Cividale was founded as a Roman municipium by Julius Caesar in 50 BCE on the newly built Via Julia Augusta, with the name of Forum Iulii ("Julius' Forum"; Fréjus had the same Roman name). Archaeological findings have revealed that the area was already settled by Veneti and Celts. After the destruction of Aquileia and Iulium Carnicum (Zuglio), it became the chief town of the district of Friuli and gave its name to it.

In 568 the city was the first major centre occupied by Alboin's Lombard invasion of Italy, then part of the Byzantine Empire. The city was chosen as first capital of the newly-formed Lombard Kingdom, then granted by Alboin to his nephew Gisulf as the capital of a Lombard Duchy of Friuli. After the Lombards were defeated by the Franks, (774), following the last Lombard resistance under Hrodgaud of Friuli (776) Forum Julii changed its name to Civitas Austriae, Charlemagne's Italian "City of the East".

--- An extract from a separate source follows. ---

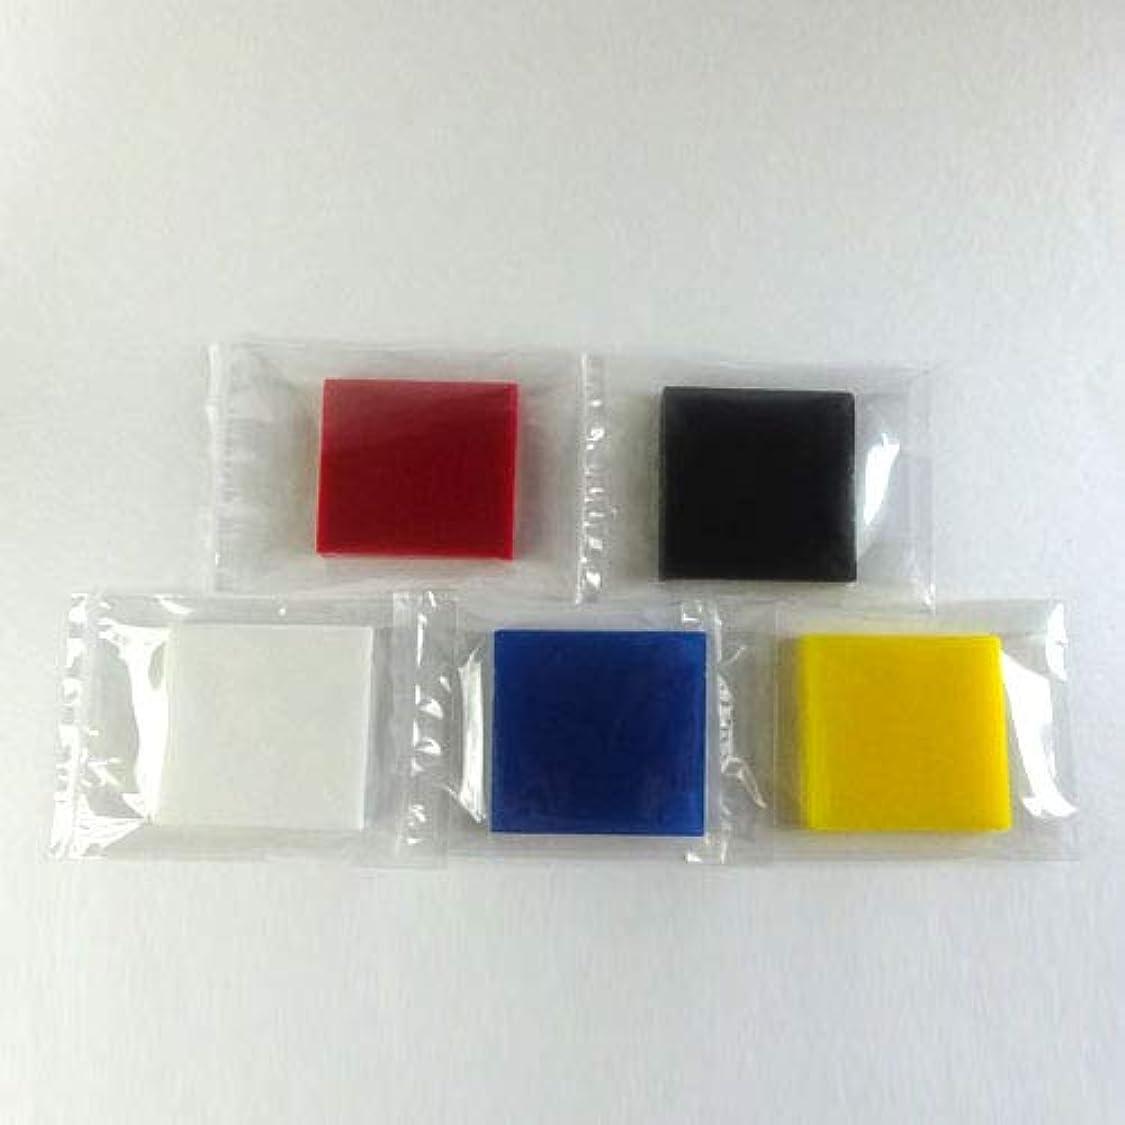 パラダイス億幸運なことにグリセリンソープ MPソープ 色チップ 5色(赤?青?黄?白?黒) 各30g

Under the Carolingian settlement with the Papacy, the patriarchs of Aquileia resided here from 773 to 1031, when they returned to Aquileia, and finally in 1238 removed to Udine. This last change of residence was the origin of the antagonism between Cividale and Udine, which was only terminated by their surrender to Venice in 1419 and 1420 respectively. When the Patriarchal State of Friuli was founded in 1077, Cividale was chosen as the capital.

In 1420 Cividale was annexed to the Republic of Venice.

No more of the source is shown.